Digital Pioneer for Welsh Government and Teacher, Broughton Primary School

Kellie is a teacher and Digital Learning Leader at Broughton Primary School. Kellie is passionate about enhancing teaching and learning by embedding digital technology within the classroom. She has recently returned to the classroom after a secondment as Regional Digital Leader for North Wales. Kellie is a Digital Pioneer for Welsh Government and was part of the team who produced the Digital Competence Framework for Wales. She continues to work with Welsh Government to create the new curriculum for Wales. Kellie’s work has been recognised nationally resulting in her receiving national awards for her approach to digital learning, including being awarded Pearson Teacher of the Year for Wales and being named in the Edtech50 2018.

James McEnaney

Lecturer, Writer, Journalist

James McEnaney is a former secondary school teacher now lecturing in English and Communication in a Glasgow FE college. He is also a freelance journalist (specialising in Scottish education and Freedom of Information) and author, with his first book, A Scottish Journey, having been published in 2018.

Donald Feist

Principal Teacher and Digital Leader of Learning 

Donald Feist is currently Principal Teacher and Digital Leader of Learning in Mosspark Primary School, Glasgow.  In this role, Donald has responsibility for raising attainment in Digital Literacy and STEM subjects across the school and provides staff development and training.  Donald was also one of the 2017-18 Primary STEM Glasgow leaders, and has worked with numerous teachers across Glasgow to develop the recognition of STEM subjects and tackle gender bias within these subjects in schools.  Moreover, Donald is a DLoL mentor and was involved in the GCC working party tasked with developing a framework for digital learning in Glasgow.

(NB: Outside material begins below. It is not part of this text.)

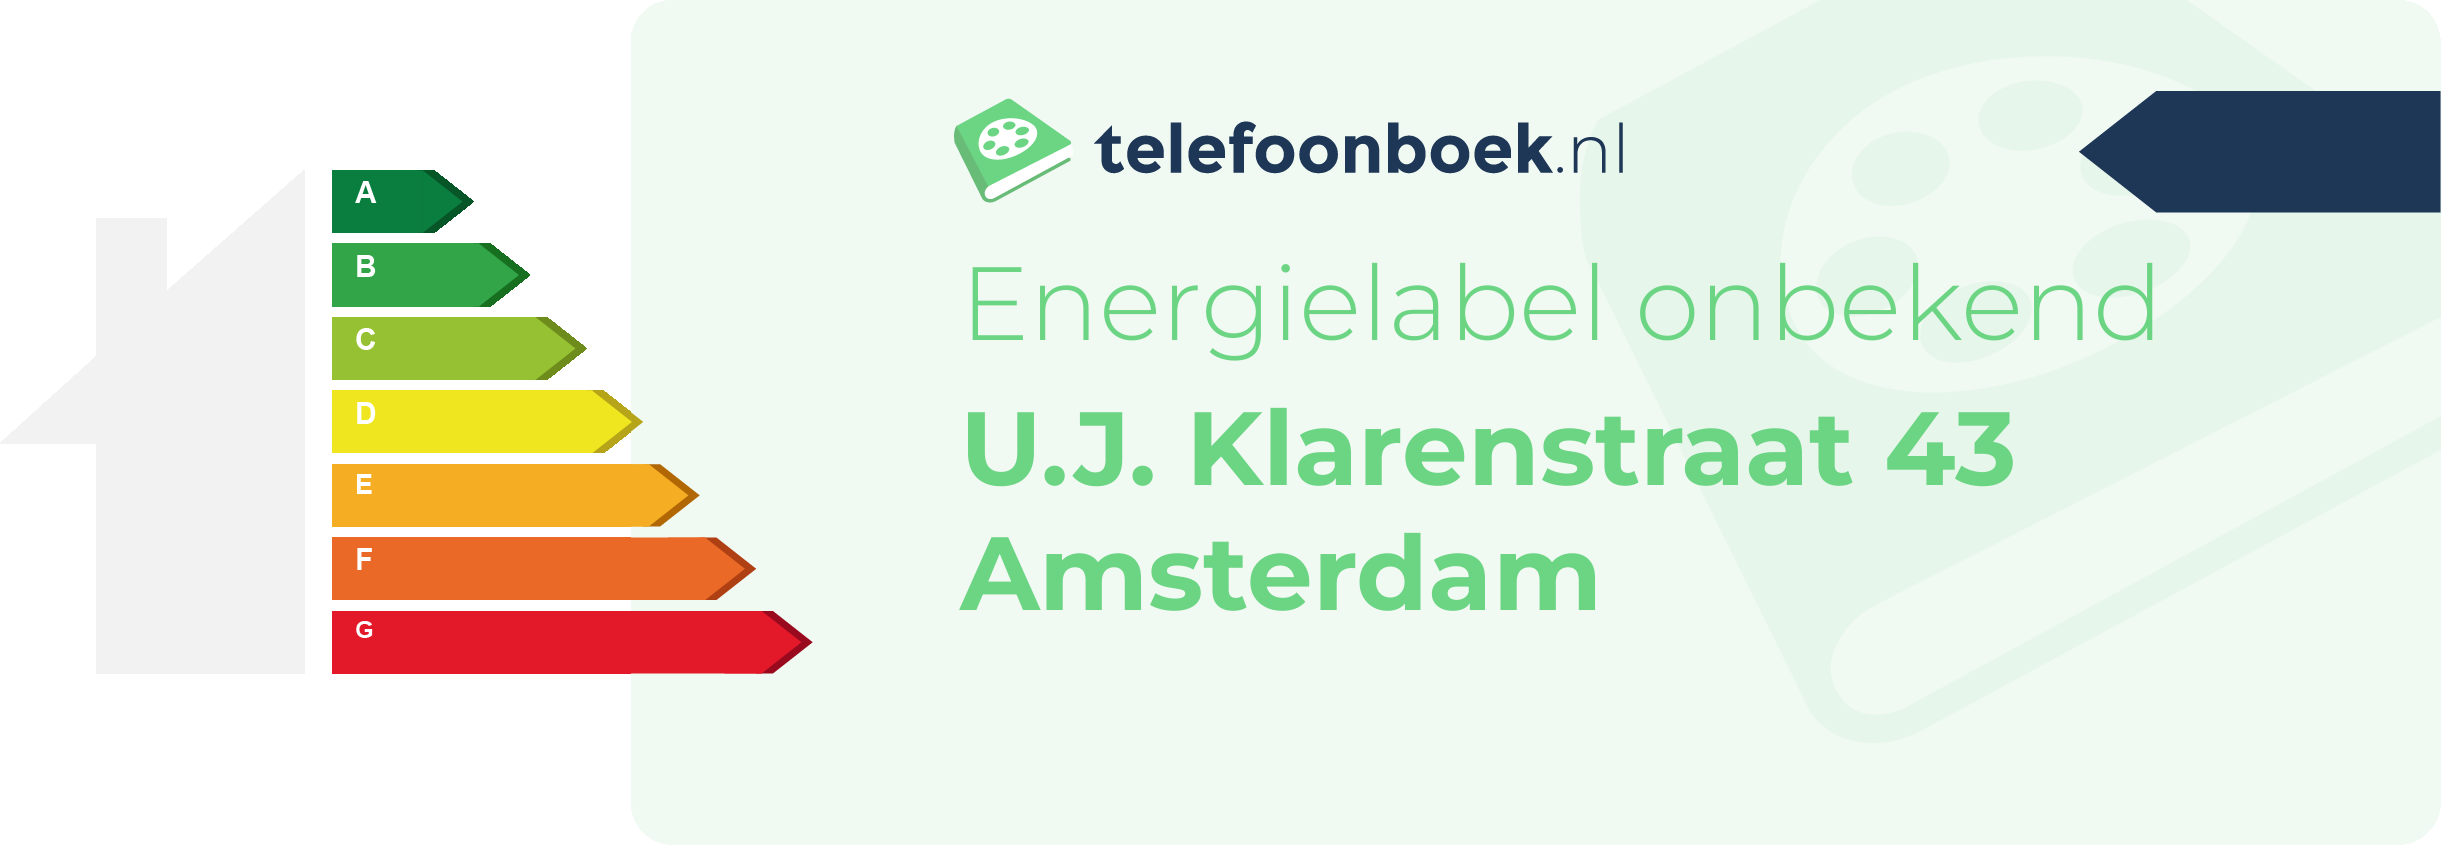 Energielabel U.J. Klarenstraat 43 Amsterdam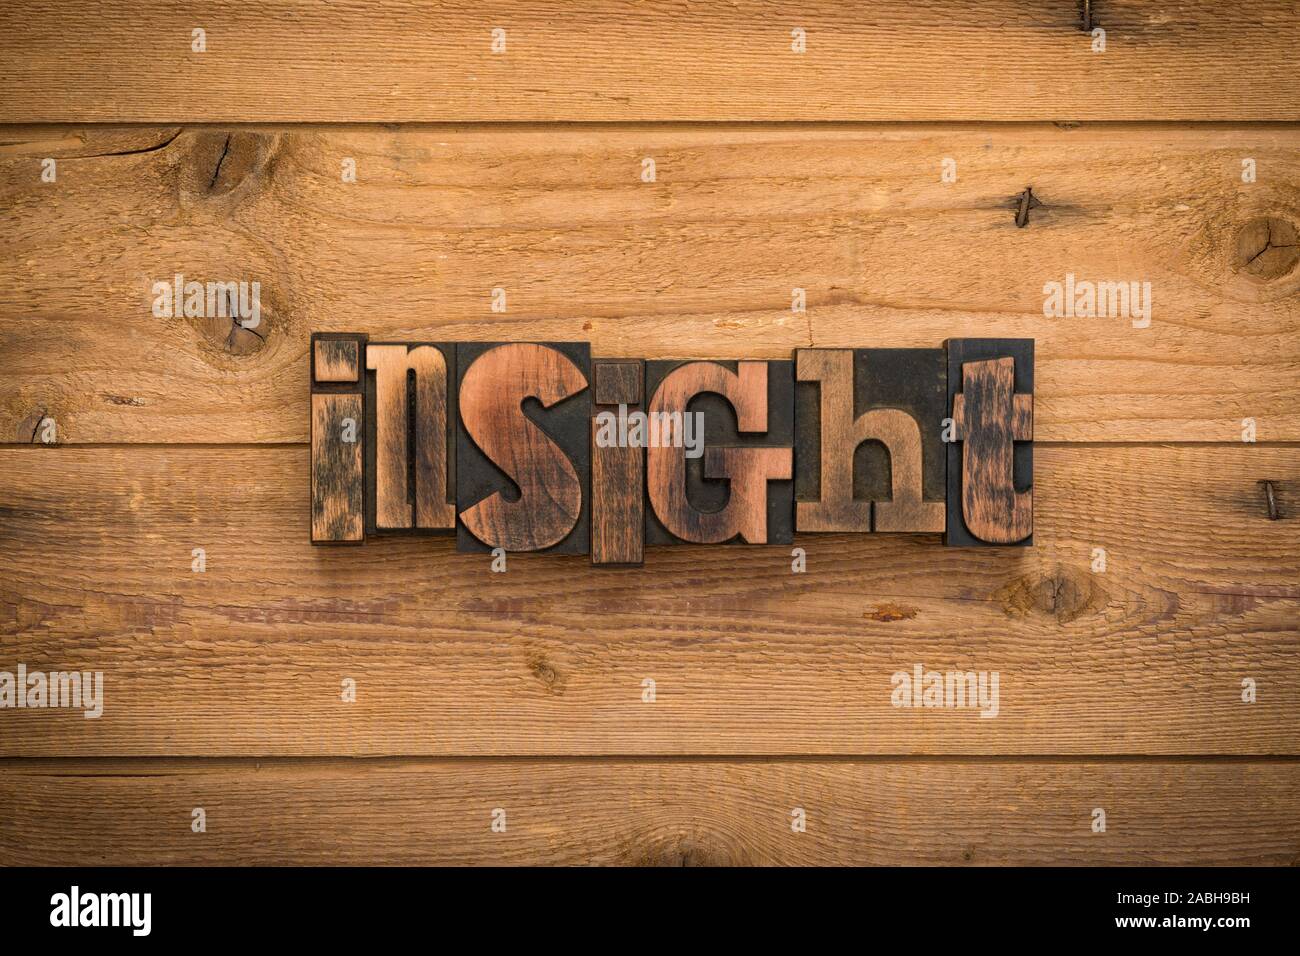 Insight, einem Wort mit Vintage Buchdruck Blöcke auf rustikalem Holz Hintergrund geschrieben. Stockfoto

In addition to presenting at teach meets and other events and delivering CPD events in school and across Glasgow,  Donald has presented a Live Stream entitled ‘The Digital Revolution’ for Twinkl Scotland, presented to student teachers at Strathclyde University and was a guest speaker at the Holyrood Learning Through Technology event in June 2018.

You can connect with Donald via twitter @mrfeistsclass or for more information visit his blog: https://blogs.glowscotland.org.uk/gc/mrfeistsblog/.


Joanna Maclean

Head of eLearning and Professional Learning 

Joanna is a dedicated educator with over 26-years expertise in embedding technology to enhance lessons and engage students of all ages: nursery, primary, and secondary. She is a Microsoft Innovative Education Expert and Apple Teacher. 

Her Primary school was the first in Scotland to receive the Digital Schools (DS) award in 2016, and her Secondary was the first in the UK and Ireland to receive this coveted award in 2017. She is currently a DS mentor helping other schools with their digital journey and is a member of Education Scotland’s ‘National Technologies Network’.

As well as pedagogical expertise Joanna administers all of the school's management information, virtual learning, elearning, 1-to-1 devices, MDM & BYOD systems.

As school Regent and Head of Professional Learning, she is also in charge of developing effective research-based 21st-century teaching techniques and is part of the GTCS's National PRD & Professional Learning Steering Group. 

As part of a small team, she recently developed Scotland’s first practitioner based distance learning teaching qualification (TQPR) endorsed by GTCS.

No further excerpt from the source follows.